Search code examples
functionparsingargumentspyparsing

pyparsing - Parsing a function call to get function name and argument list


I have some complicated function calls which i want to parse to get function name and argument list. examples of the function calls are below:

1) extend(lambda x: 'xxxx' if t='xx' else t.replace('a','').replace('b',''), ['col_name1'], 'col_name', 'string')

2) restrict(lambda x:x !=0, ['col'])

I have tried to parse this using regex but so far it fails to parse the argument list properly. i am new to pyparsing so any help is appreciated.


Solution

  • Those are some pretty complicated argument lists in those functions. So if you are trying to parse them, this will be a pretty big job.

    However, if you just want the function name, and a string of the arguments passed in, then with pyparsing, you can use some easy short-cuts.

    If you keep your plan very high-level, you can write your BNF as:

    function_call ::= identifier '(' arguments ')'
    idenntifier ::= word starting with alpha or '_', followed by zero or more alphanums or '_'
    arguments ::= (let's not worry about this for the moment)
    

    If we just consider the arguments as a list of items that may be nested in one or more levels of parentheses, then we can use pyparsing's nestedExpr helper to capture them.
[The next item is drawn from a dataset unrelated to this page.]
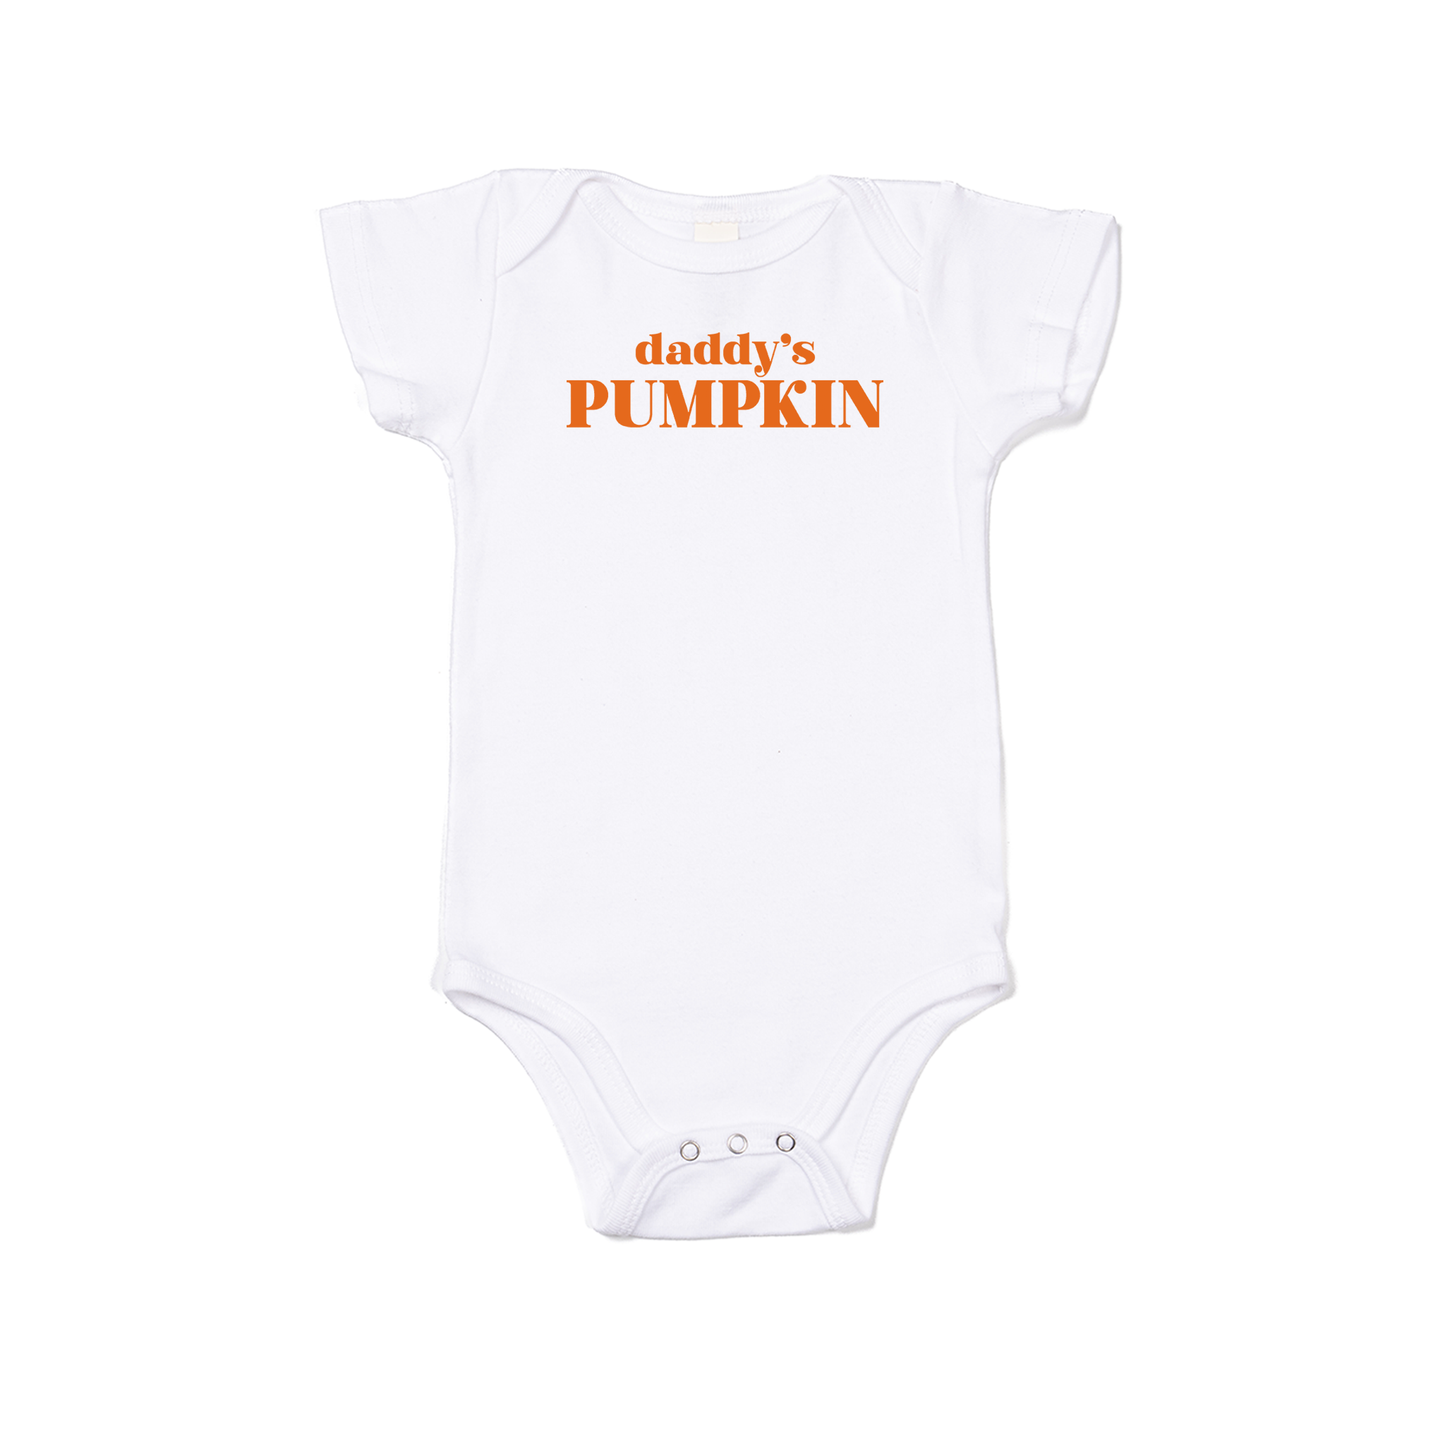 Daddy's Pumpkin - Bodysuit (White, Short Sleeve)

    import pyparsing as pp
    
    identifier = pp.Word('_' + pp.alphas, '_' + pp.alphanums)
    arg_list = pp.nestedExpr()  # nesting delimiters default to '(' and ')'
    function_call = identifier("name") + arg_list("args")
    
    tests = """\
        extend(lambda x: 'xxxx' if t='xx' else t.replace('a','').replace('b',''), ['col_name1'], 'col_name', 'string')
        restrict(lambda x:x !=0, ['col'])"""
    
    function_call.runTests(tests)
    

    Prints:

    extend(lambda x: 'xxxx' if t='xx' else t.replace('a','').replace('b',''), ['col_name1'], 'col_name', 'string')
    ['extend', ['lambda', 'x:', "'xxxx'", 'if', 't=', "'xx'", 'else', 't.replace', ["'a'", ',', "''"], '.replace', ["'b'", ',', "''"], ',', '[', "'col_name1'", '],', "'col_name'", ',', "'string'"]]
    - args: [['lambda', 'x:', "'xxxx'", 'if', 't=', "'xx'", 'else', 't.replace', ["'a'", ',', "''"], '.replace', ["'b'", ',', "''"], ',', '[', "'col_name1'", '],', "'col_name'", ',', "'string'"]]
      [0]:
        ['lambda', 'x:', "'xxxx'", 'if', 't=', "'xx'", 'else', 't.replace', ["'a'", ',', "''"], '.replace', ["'b'", ',', "''"], ',', '[', "'col_name1'", '],', "'col_name'", ',', "'string'"]
        [0]:
          lambda
        [1]:
          x:
        [2]:
          'xxxx'
        ... every word in the args broken out separately
        [16]:
          ,
        [17]:
          'string'
    - name: 'extend'
    
    
    restrict(lambda x:x !=0, ['col'])
    ['restrict', ['lambda', 'x:x', '!=0,', '[', "'col'", ']']]
    - args: [['lambda', 'x:x', '!=0,', '[', "'col'", ']']]
      [0]:
        ['lambda', 'x:x', '!=0,', '[', "'col'", ']']
    - name: 'restrict'
    

    If you just want the args list as a string, then you can wrap in pyparsing's originalTextFor. Change arg_list to:

    arg_list = pp.originalTextFor(pp.nestedExpr())
    

    Now rerunning the tests gives:

    extend(lambda x: 'xxxx' if t='xx' else t.replace('a','').replace('b',''), ['col_name1'], 'col_name', 'string')
    ['extend', "(lambda x: 'xxxx' if t='xx' else t.replace('a','').replace('b',''), ['col_name1'], 'col_name', 'string')"]
    - args: "(lambda x: 'xxxx' if t='xx' else t.replace('a','').replace('b',''), ['col_name1'], 'col_name', 'string')"
    - name: 'extend'
    
    
    restrict(lambda x:x !=0, ['col'])
    ['restrict', "(lambda x:x !=0, ['col'])"]
    - args: "(lambda x:x !=0, ['col'])"
    - name: 'restrict'
    

    If you want to remove the opening and closing ()'s, and parse out the delimiting commas, that is an exercise left for the reader/OP. (If this is the case, you may want to go back to the first version, and work with the parsed-out bits of the arg list instead of the all-one-string version.)